# Worksheet 05

Name:  Alexander Miller
UID: U52161825

### Topics

- Cost Functions
- Kmeans

### Cost Function

Solving Data Science problems often starts by defining a metric with which to evaluate solutions were you able to find some. This metric is called a cost function. Data Science then backtracks and tries to find a process / algorithm to find solutions that can optimize for that cost function.

For example suppose you are asked to cluster three points A, B, C into two non-empty clusters. If someone gave you the solution `{A, B}, {C}`, how would you evaluate that this is a good solution?

Notice that because the clusters need to be non-empty and all points must be assigned to a cluster, it must be that two of the three points will be together in one cluster and the third will be alone in the other cluster.

In the above solution, if A and B are closer than A and C, and B and C, then this is a good solution. The smaller the distance between the two points in the same cluster (here A and B), the better the solution. So we can define our cost function to be that distance (between A and B here)!

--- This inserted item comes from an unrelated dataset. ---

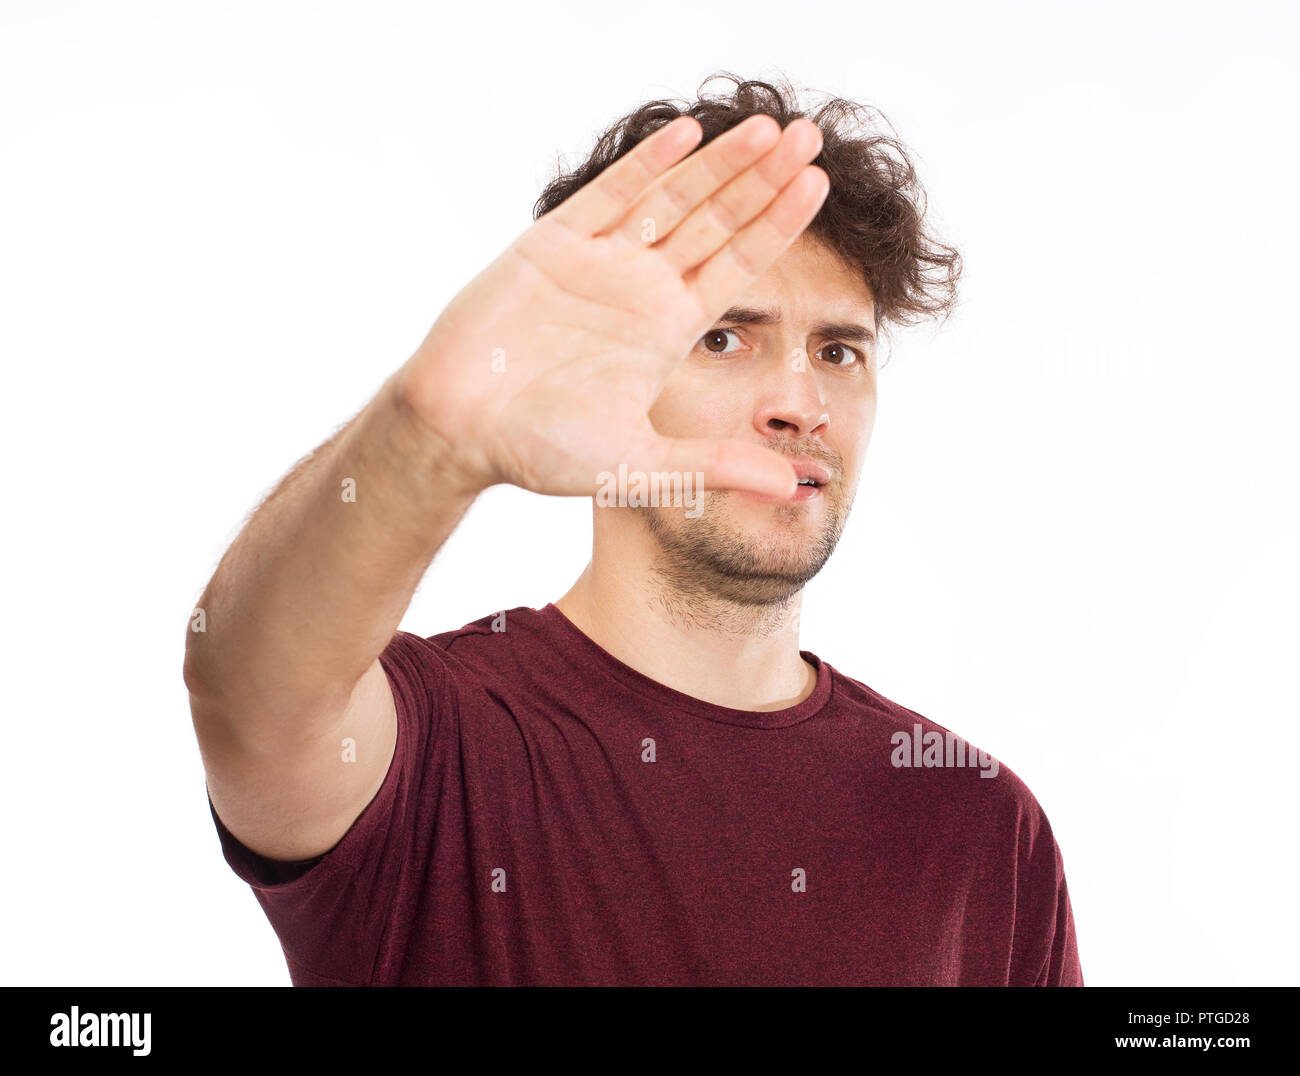 Young man covering his eyes by hands Stock Photo

The algorithm / process would involve clustering together the two closest points and put the third in its own cluster. This process optimizes for that cost function because no other pair of points could have a lower distance (although it could equal it).

### K means

a) (1-dimensional clustering) Walk through Lloyd's algorithm step by step on the following dataset:

`[0, .5, 1.5, 2, 6, 6.5, 7]` (note: each of these are 1-dimensional data points)

Given the initial centroids:

`[0, 2]`

**Iteration 1:**
- Cluster 1: `[0, 0.5, 1.5]`
- Cluster 2: `[2, 6, 6.5, 7]`
- New Centroids: `[0.6667, 5.625]`

**Iteration 2:**
- Cluster 1: `[0, 0.5, 1.5]`
- Cluster 2: `[2, 6, 6.5, 7]`
- New Centroids: `[0.6667, 5.625]`


b) Describe in plain english what the cost function for k means is.

The K-means cost function measures how spread out data points are from the centers of their assigned clusters. It aims to minimize the sum of squared distances between each point and its cluster center, ensuring tight and compact clusters.

c) For the same number of clusters K, why could there be very different solutions to the K means algorithm on a given dataset?

K-means results can vary due to sensitivity to initial centroid positions, different data distributions, and potential convergence to local minima. Outliers and noise can also impact outcomes. Running the algorithm multiple times with various initializations helps mitigate these variations.






d) Does Lloyd's Algorithm always converge? Why / why not?

Yes, Lloyd's Algorithm always converges. It iteratively reduces the sum of squared distances between data points and centroids, ensuring a finite number of steps. However, it may converge to a local minimum, prompting the use of multiple runs with varied initializations to enhance the chances of finding an optimal solution.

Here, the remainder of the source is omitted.